**YOUR ASSIGNMENT:**
Reproduce exactly the lines of this material that begin at the line with "Unforgettable - Season 4 on DVD image" and end at the line with "El Fuego Gasgrill", both included. Omit the pictures and everything else.

**EXTRACTED RECORDS:**
※ ※ ※

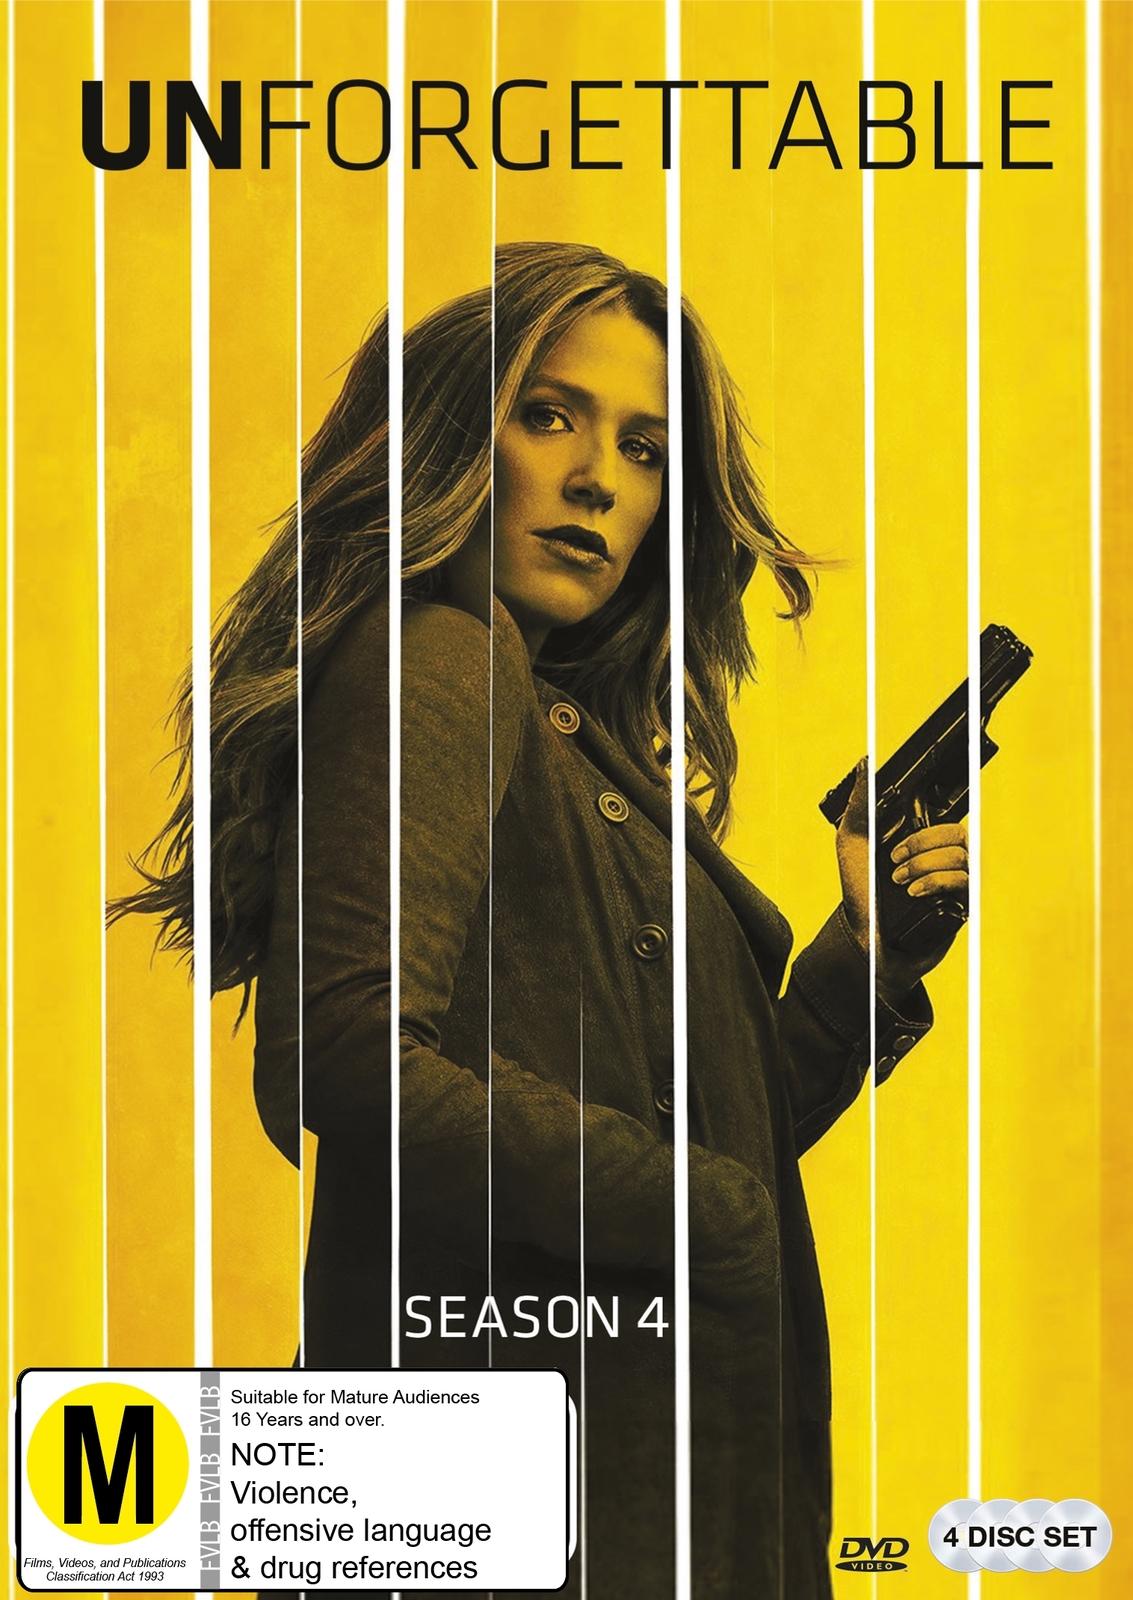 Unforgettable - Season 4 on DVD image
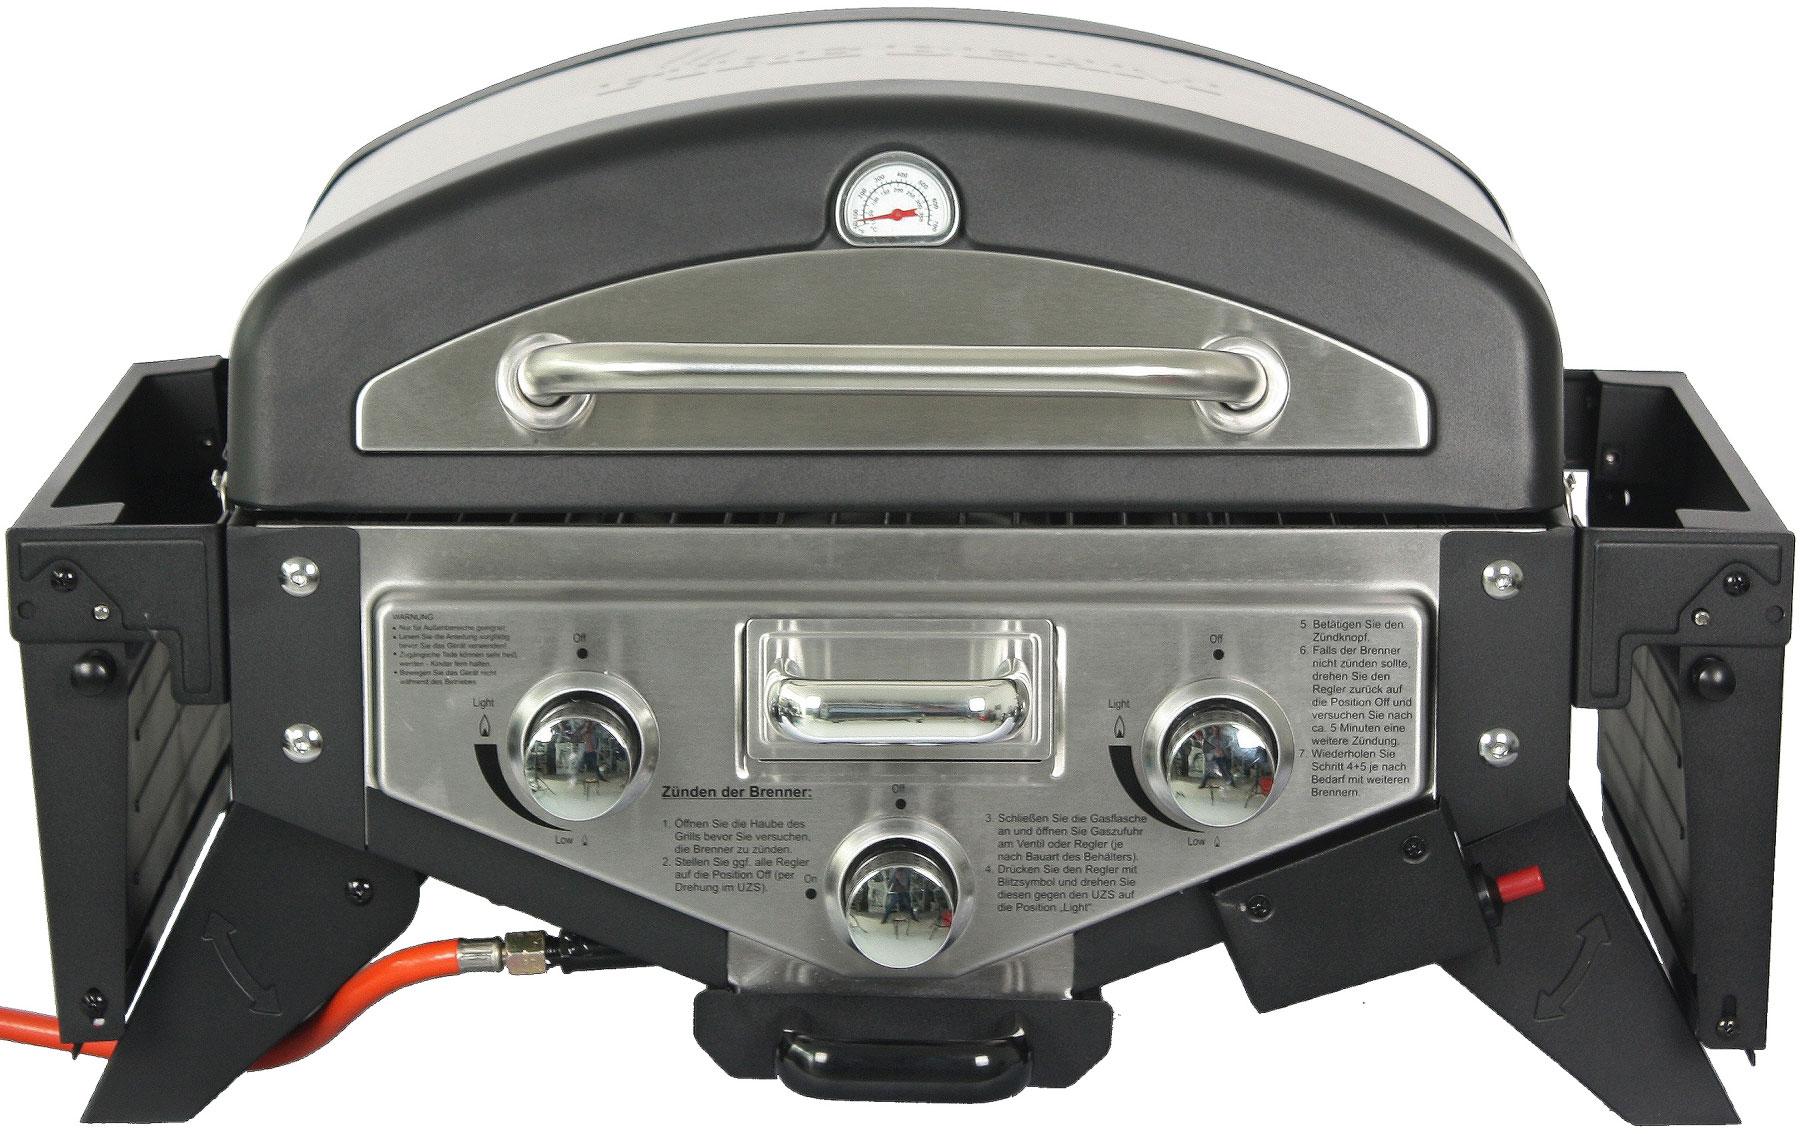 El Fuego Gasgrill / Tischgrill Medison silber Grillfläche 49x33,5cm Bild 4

※ ※ ※

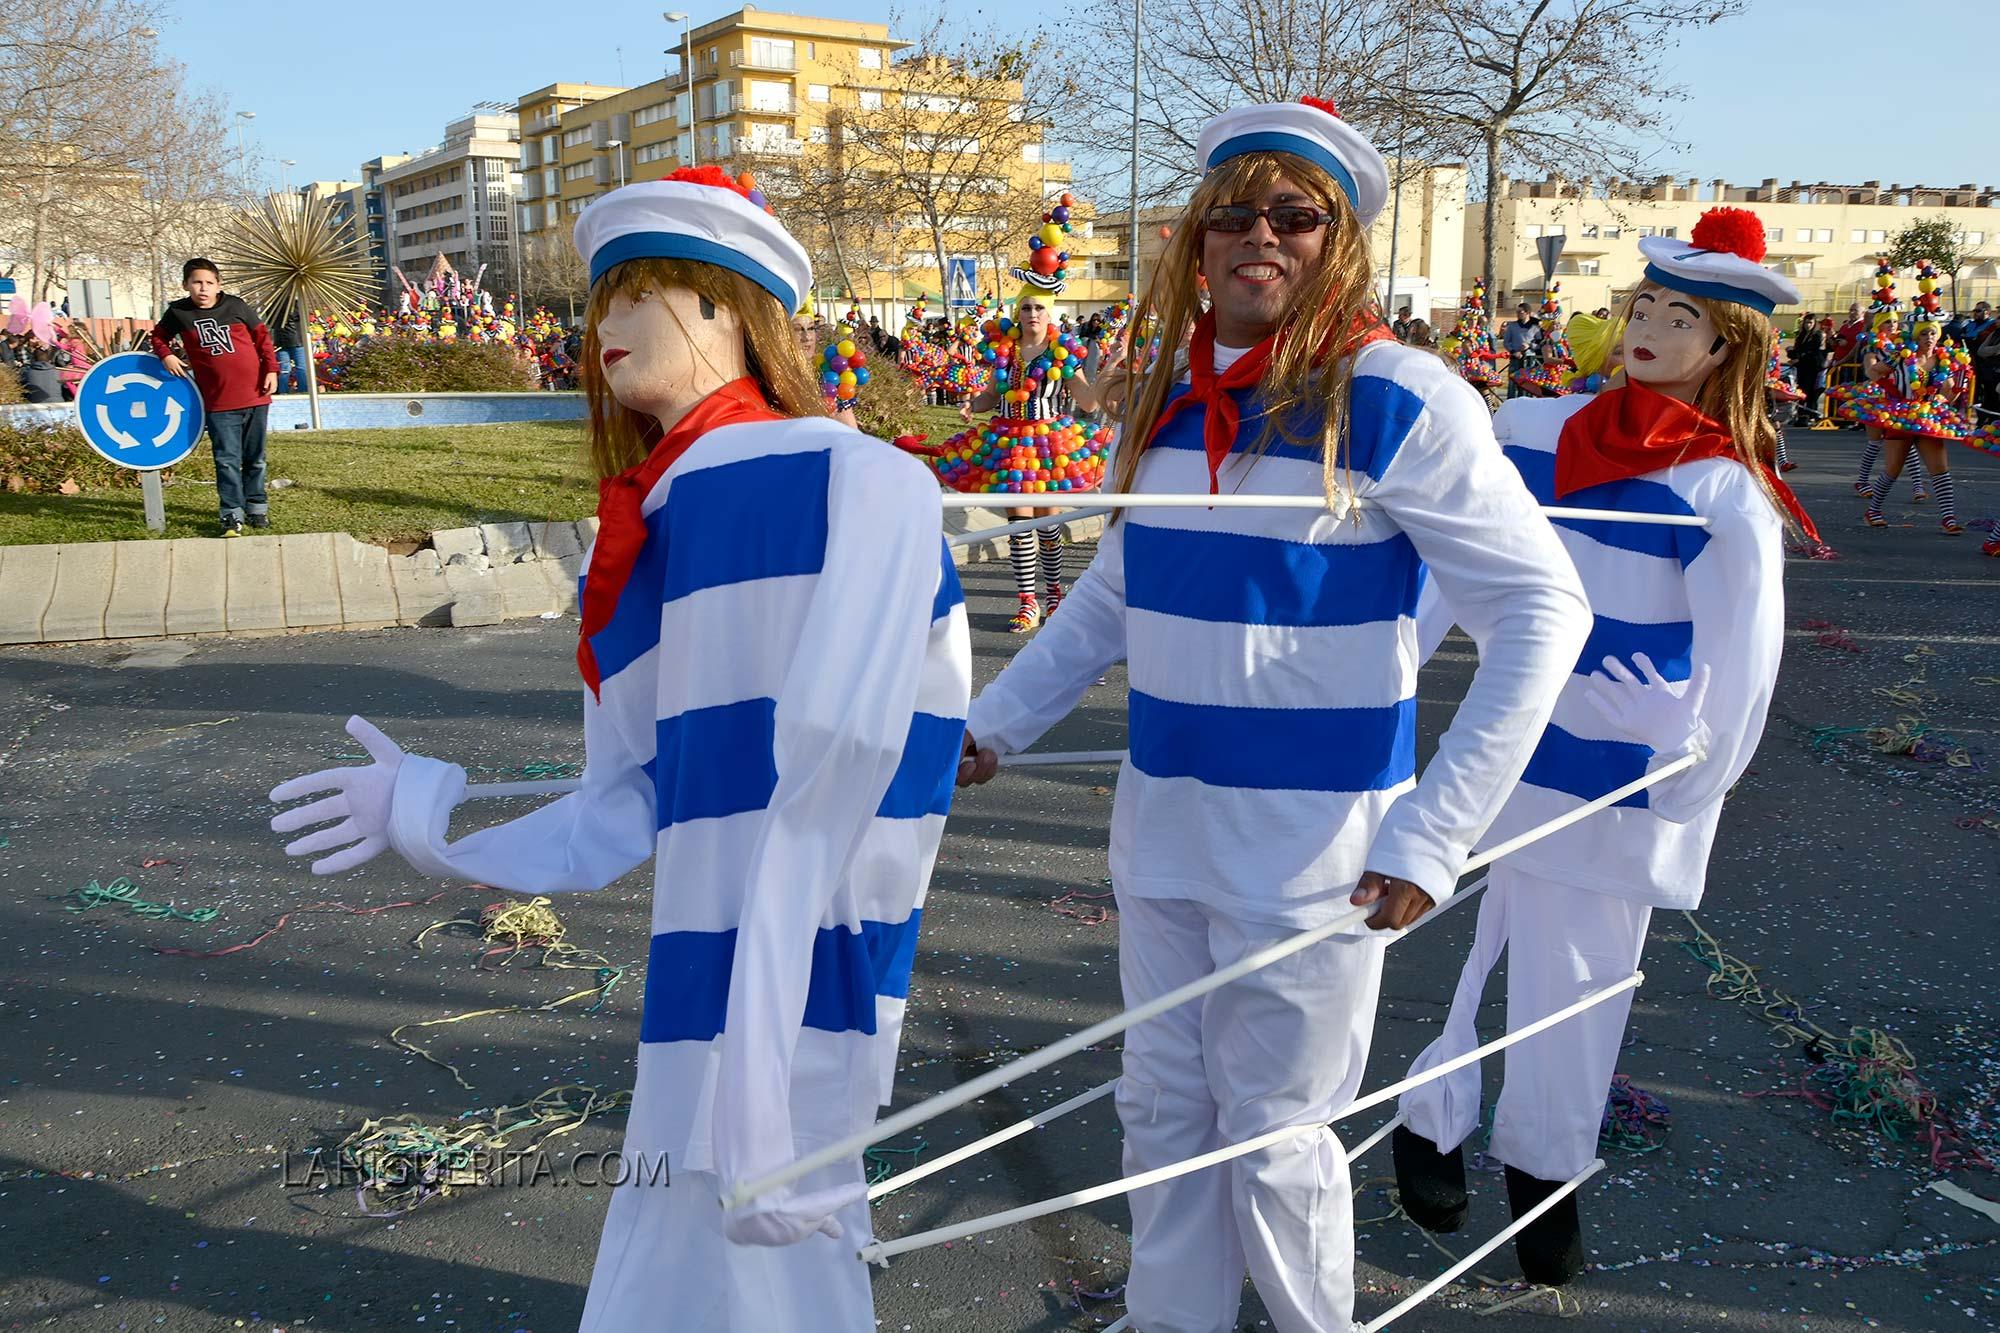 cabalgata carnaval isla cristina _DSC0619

※ ※ ※

**RESPONSE TO THE EXERCISE:**
 Unforgettable - Season 4 on DVD image
 El Fuego Gasgrill / Tischgrill Medison silber Grillfläche 49x33,5cm Bild 4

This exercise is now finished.